Results of this study may not be generalizable to other similar hospitals. Both attending surgeons have significant prior experience with all aspects of gastroesophageal and other complex operations. Yet our group rarely reaches an annual esophagectomy volume ≥13 cases, considered high-volume by the Leapfrog Group. Our group also has a large experience with complex minimally invasive procedures. We hypothesize that significant cross-fertilization of technical skills contributed to outcomes that compare favorably to those reported in series from the tertiary centers and also served to hasten our mastery of the MIE procedure.

CONCLUSION

Introduction of minimally invasive esophagectomy in our community hospital was associated with prolonged operative time, but no detriment in terms of complications and overall survival. Length of stay was nonsignificantly shortened by the use of minimally invasive technique. Esophagectomy in this community hospital is associated with outcomes comparable to published standards despite a higher rate of preoperative comorbidities in this population.

Table 1.

Demographic and Clinical Data

	Overall	Open Esophagectomy	MIE	P
Male: female, n	46:11	25:6	21:5	0.629†
Age (years)
Mean ± SD	63.1 ± 10.6	60.7 ± 11.6	66.1 ± 8.5	0.093*
Range	30–83	30–80	48–83
CCI	4.5 ± 1.7	4.5 ± 1.9	4.5 ± 1.6	0.993*
SCI	8.6 ± 3.1	8.3 ± 3.4	9.0 ± 2.9	0.634*
ASA class ≥3	48 (87)	25 (86)	23 (88)	0.563†
Current smoking	11 (20)	8 (25)	3 (13)	0.319†
Diabetes mellitus	21 (36)	12 (37)	9 (36)	0.907†
COPD	19 (33)	11 (34)	8 (32)	0.539†
Preoperative serum albumin (g/dl) mean ± SD	3.4 ± 0.6	3.4 ± 0.5	3.5 ± 0.7	0.773*
BMI (kg/m2) mean ± SD	27.8 ± 4.9	27.3 ± 4.9	28.4 ± 4.9	0.671*
Histology, n				0.253†
Adenocarcinoma	52	30	22
Squamous cell carcinoma	2	0	2
Benign	3	2	1
Neoadjuvant therapy (benign cases excluded)	50 (93)	28 (93)	22 (92)	0.816†
cAJCC Stage				0.101†
I	9 (16)	2	7
II	23 (43)	13	10
III	21 (39)	14	7
IV	1 (2)	1	0
Lymph node status (benign cases excluded)
Proportion cN†	24 (44)	15 (50)	9 (37)	0.358†
Proportion pN†	15 (28)	10 (33)	5 (21)	0.370†
Total number examined LN	11.8 ± 6.5	10.4 ± 634	13.6 ± 6.5	0.035*
Total number involved LN	1.2 ± 3.0	1.8 ± 3.9	0.5 0 ± 1.2	0.147*

Data are expressed as number (percentage of total group), unless otherwise noted.

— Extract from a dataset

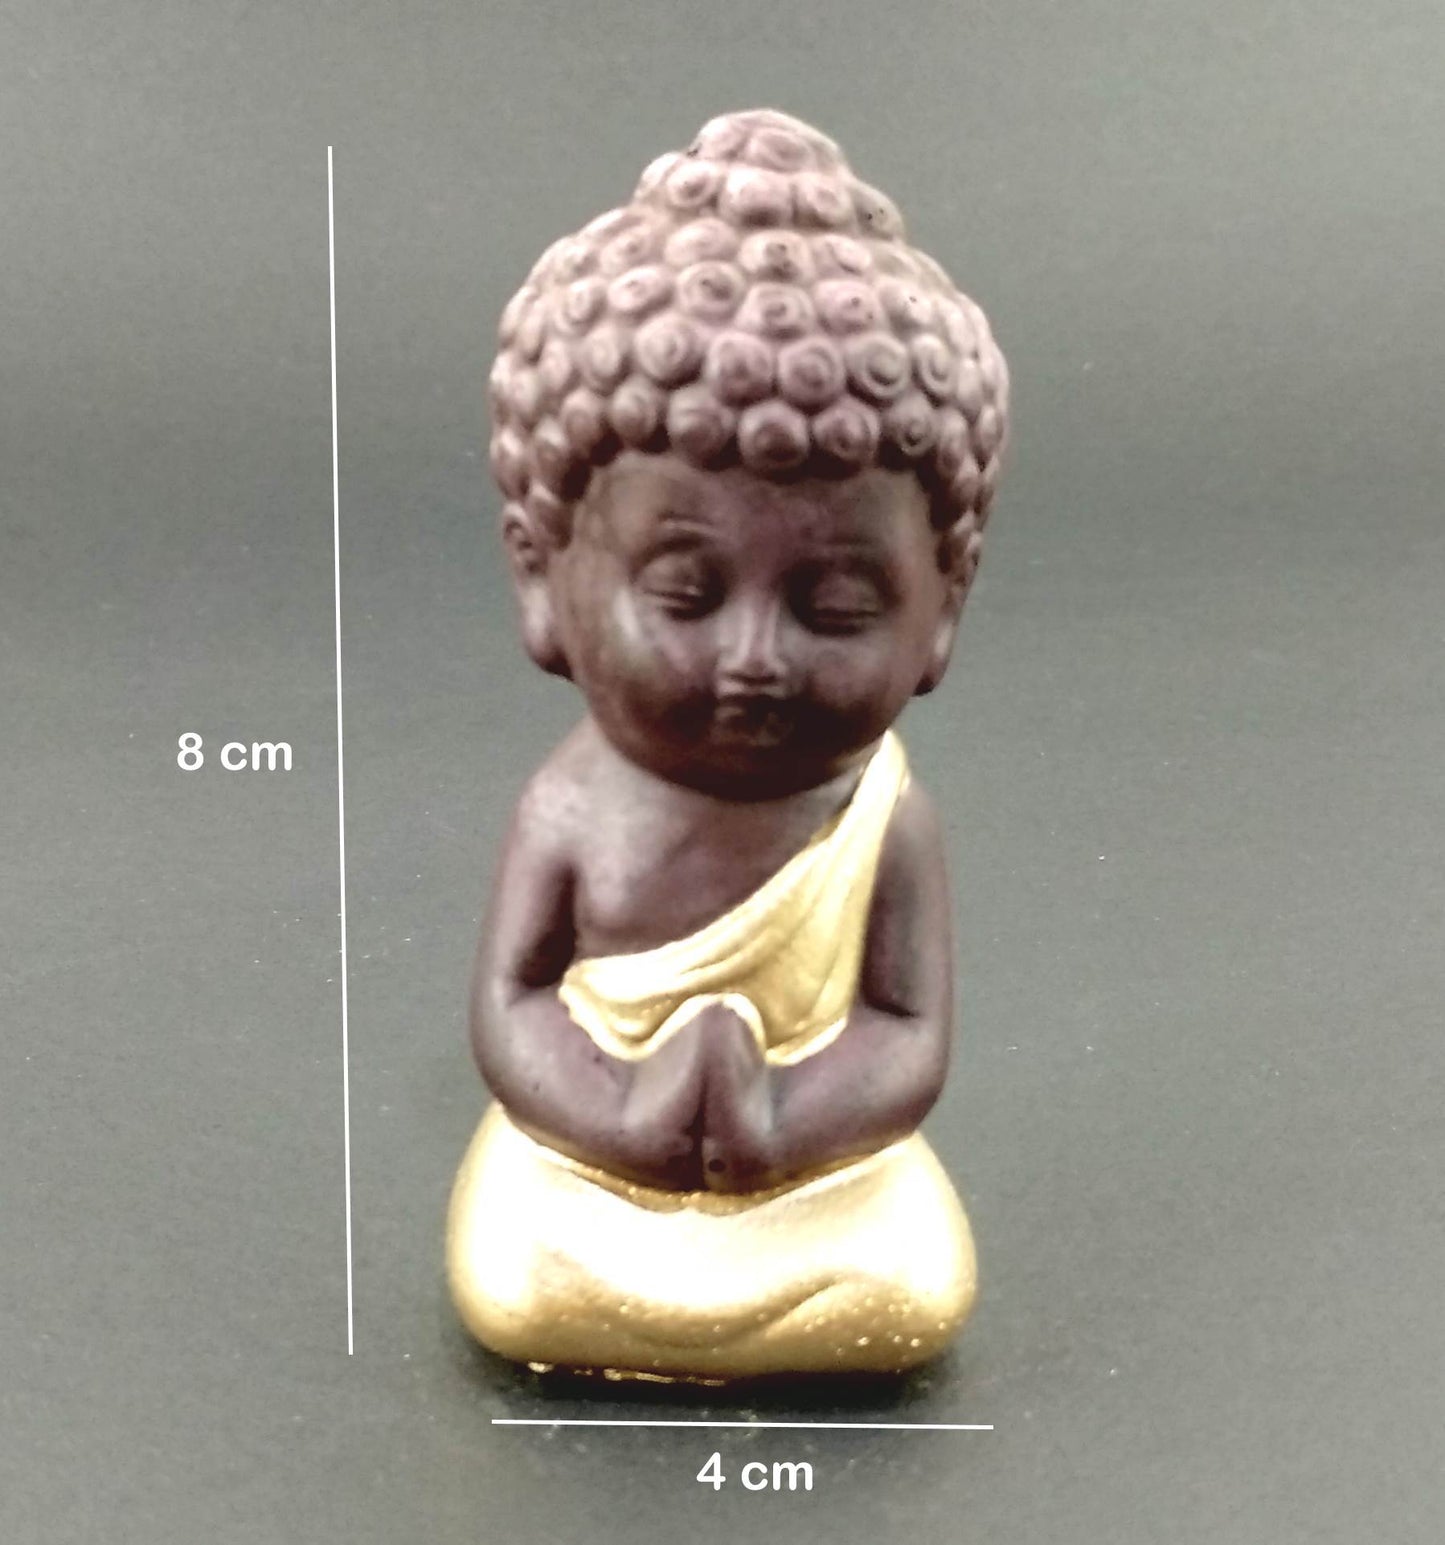 Brown Base Set of 2 Miniature Buddha Golden and Blue - Deczo

CCI, Charlson comorbidity index; SCI, Seattle comorbidity index; ASA, American Society of Anesthesiologists physical status class; LOS, postoperative length of stay; COPD, chronic obstructive pulmonary disease; LN, lymph node; CN+, clinically positive node; PN+, pathological node.

Mann-Whitney test;

Fisher or χ2 test as required.

Table 2.

Perioperative Outcomes and Complications

	Overall (n = 57)	Open Esophagectomy (n = 31)	MIE (n = 26)	P
Surgery duration (min)	373 ± 100	332 ± 109	418 ± 65	0.001*
LOS [days] (median)	14.2 ± 12.7 (9)	15.7 ± 2.4 (9.7)	12.4 ± 2.3 (9)	0.198*
Any reoperation	6 (10.5)	5 (16.1)	1 (3.8)	0.205†
Sepsis	4 (7.0)	4 (12.9)	0	0.118†
Pulmonary complications	24 (42.1)	15 (48.3)	9 (34.6)	0.293†
Reintubation	11 (19.3)	5 (16.1)	6 (23.1)	0.524†
Any cardiac complication	14 (24.5)	8 (25.8)	6 (23.1)	0.812†
New atrial fibrillation or flutter	13 (22.8)	7 (22.6)	6 (23.1)	0.965†
Any vocal cord paralysis	6 (10.5)	3 (9.6)	3 (11.5)	1.000†
Anastomotic leak	13 (22.8)	6 (19.3)	7 (26.9)	0.498†
Thirty-day mortality	2 (3.5)	1 (3.2)	1 (3.8)	1.000†
Any complication	44 (77.1)	23 (74.1)	21 (80.7)	0.556†
Any grade ≥3 complication	29 (50.8)	18 (58.0)	11 (42.2)	0.236†
Complication-free cases	13 (22.8)	8 (26.8)	5 (19.3)	0.753†

Return to OR is any unplanned operation within 90 day after esophagectomy. Vocal cord paralysis includes temporary and permanent cases. Data are expressed as mean ± SD or the number (percentage) of the total group. LOS, length of stay.

Mann-Whitney test;

Fisher or χ-square test as required.